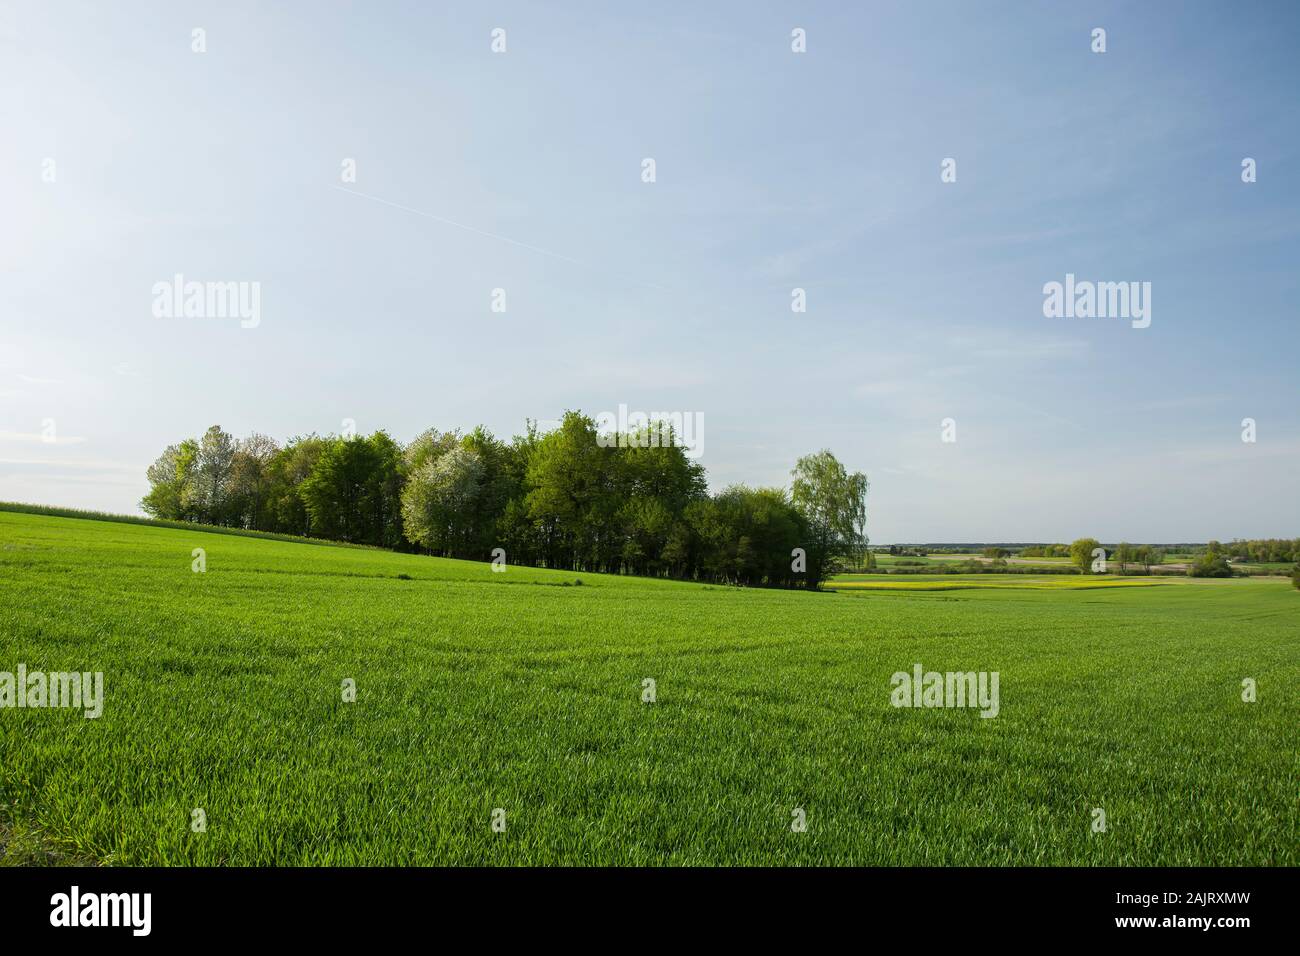 A group of trees in the meadow Stock Photo
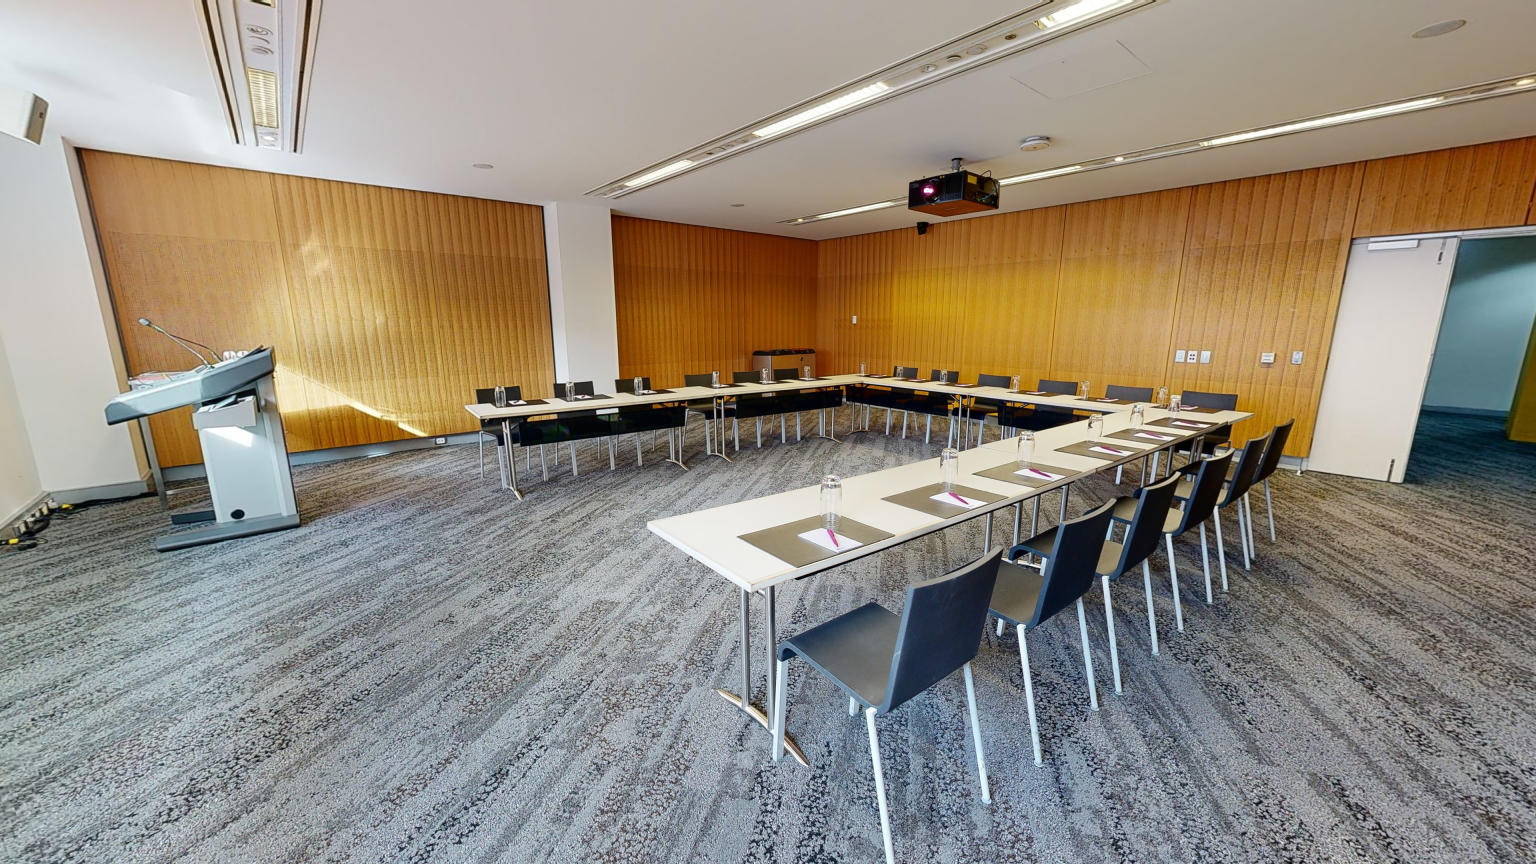 A meeting or conference room with tables and chairs arranged in a u-shaped boardroom configuration. The tables and chairs are facing a and lectern.
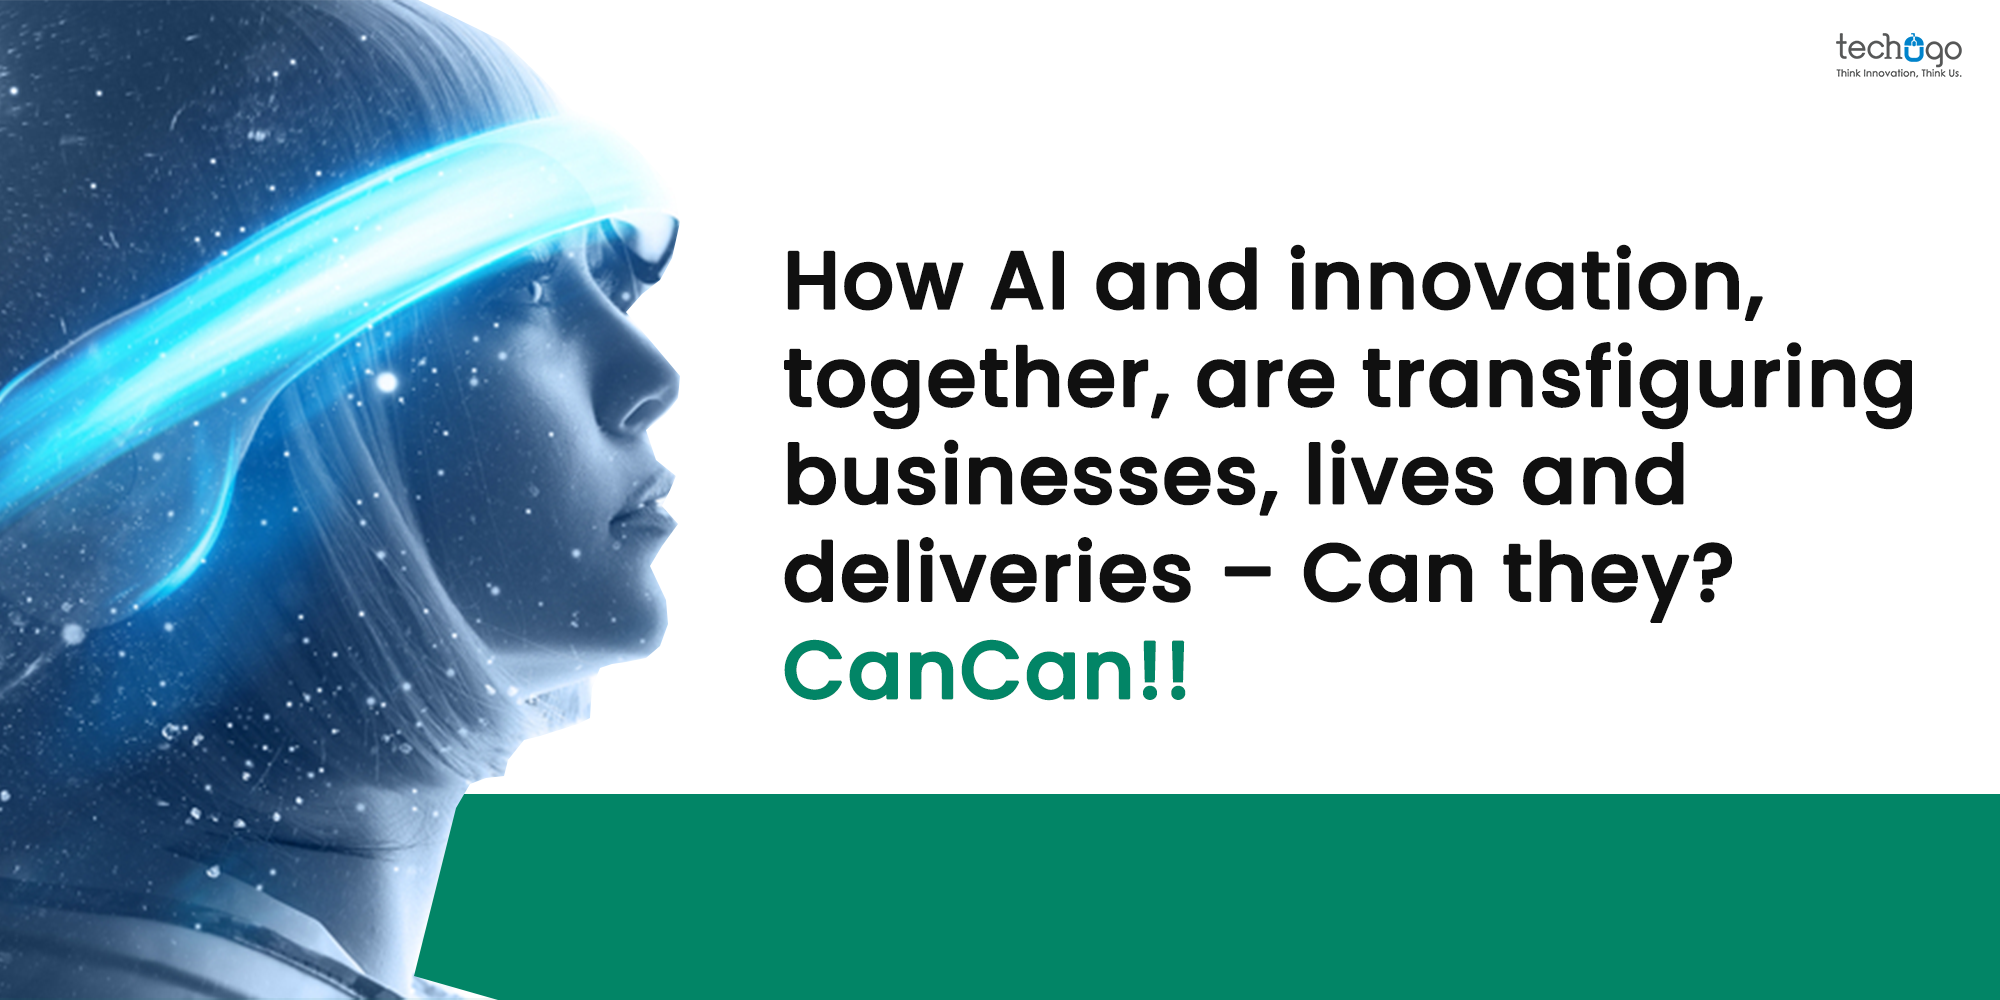 How AI and innovation, together, are transfiguring businesses, lives and deliveries – Can they? CanCan
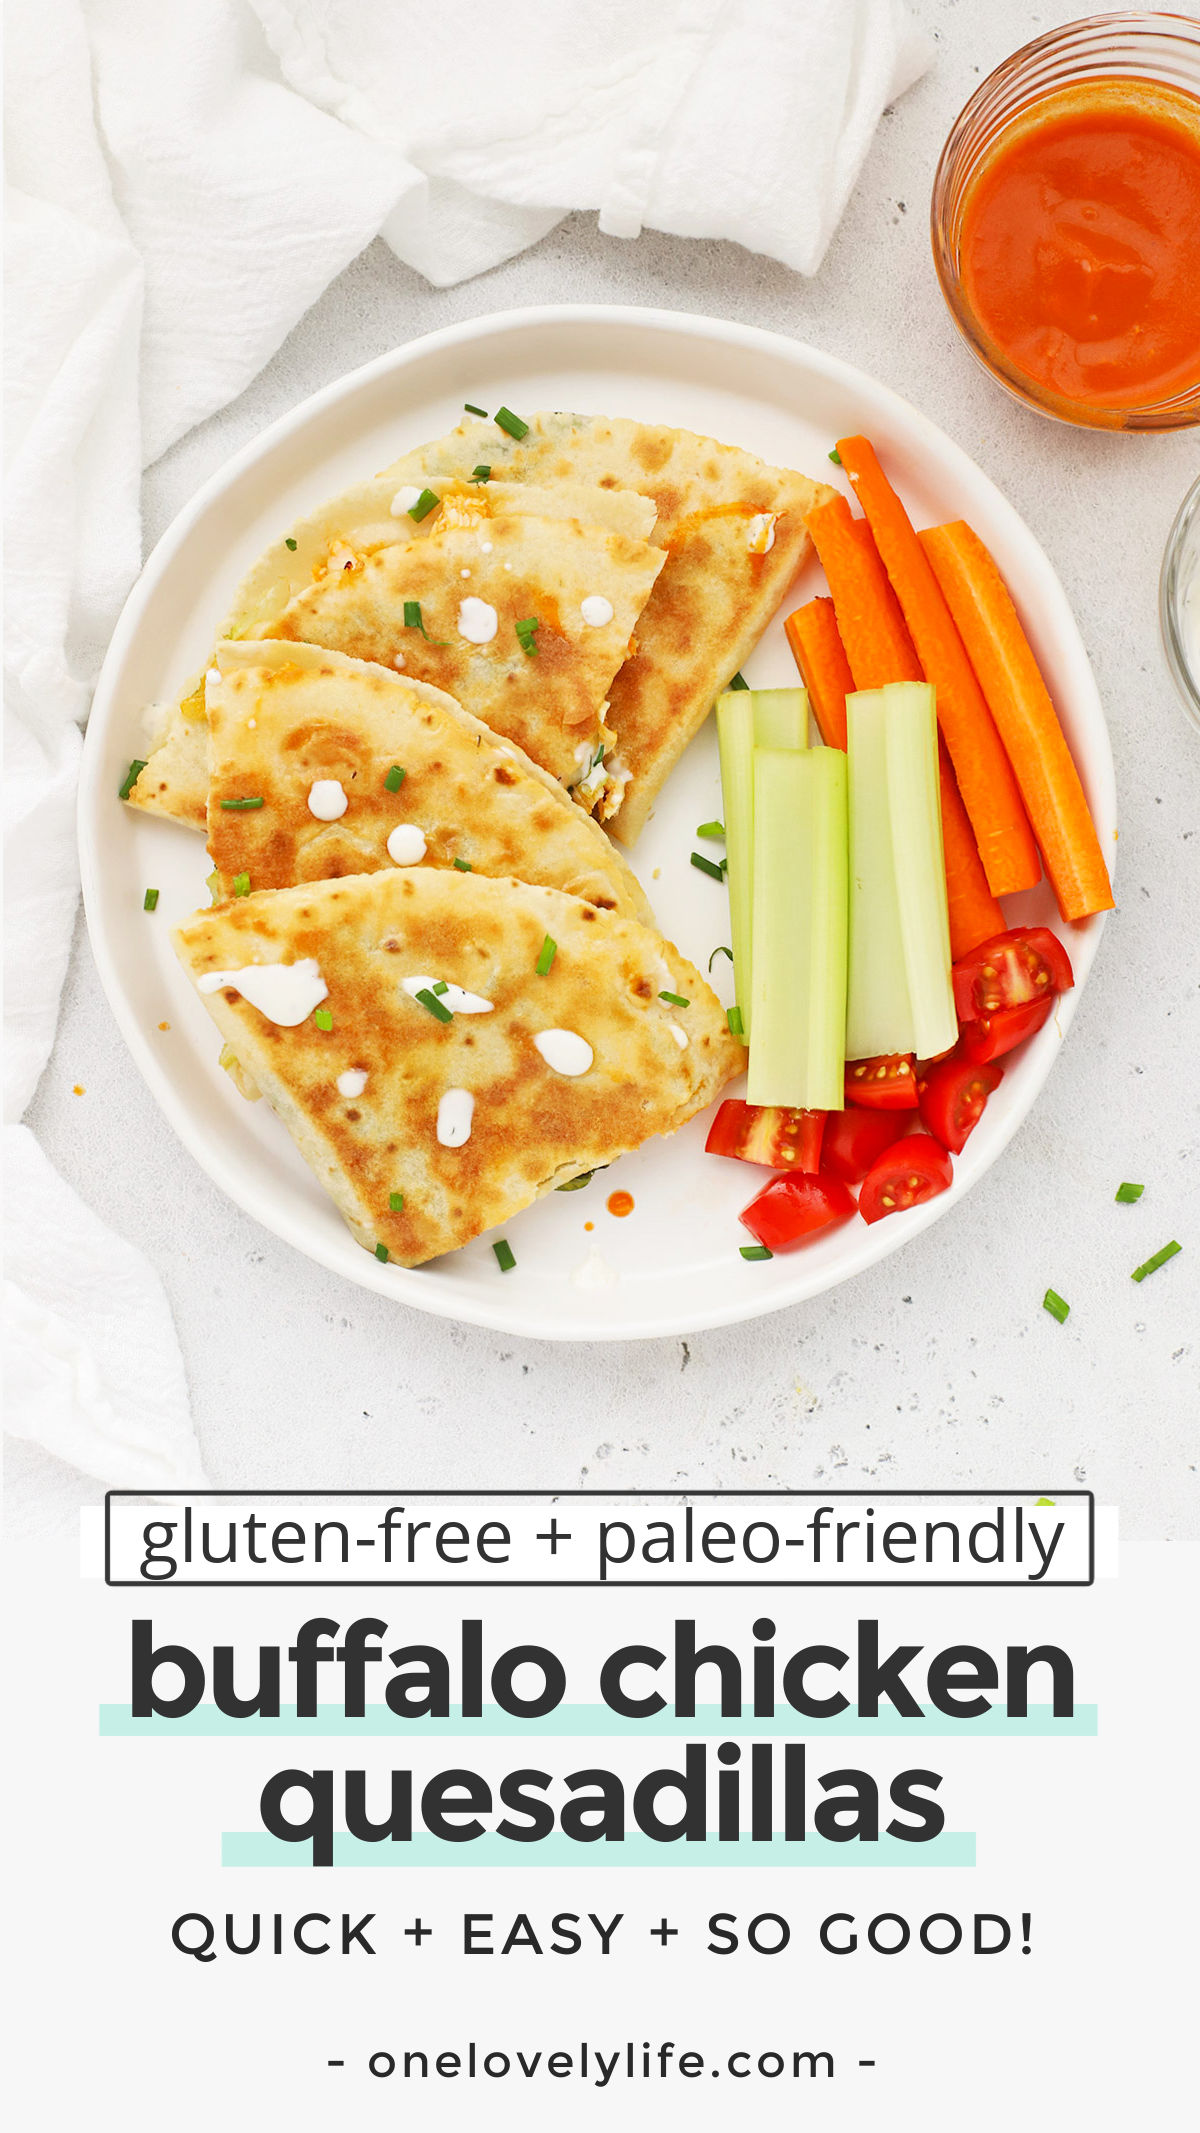 Buffalo Chicken Quesadillas - These gluten-free quesadillas are stuffed with Buffalo chicken, creamy ranch, lettuce, and your favorite cheese. They're quick, easy, and MAJORLY delicious! (Gluten-Free, Grain-Free Friendly // Buffalo Quesadillas // Buffalo Chicken Recipes

» Directions for this task
Set down the material above as is, without any pictures.

» Problem solution
 A group of trees in the meadow Stock Photo
 A meeting or conference room with tables and chairs arranged in a u-shaped boardroom configuration. The tables and chairs are facing a and lectern.
 How AI and innovation, together, are transfiguring businesses, lives and deliveries – Can they? CanCan
 Buffalo Chicken Quesadillas - These gluten-free quesadillas are stuffed with Buffalo chicken, creamy ranch, lettuce, and your favorite cheese. They're quick, easy, and MAJORLY delicious! (Gluten-Free, Grain-Free Friendly // Buffalo Quesadillas // Buffalo Chicken Recipes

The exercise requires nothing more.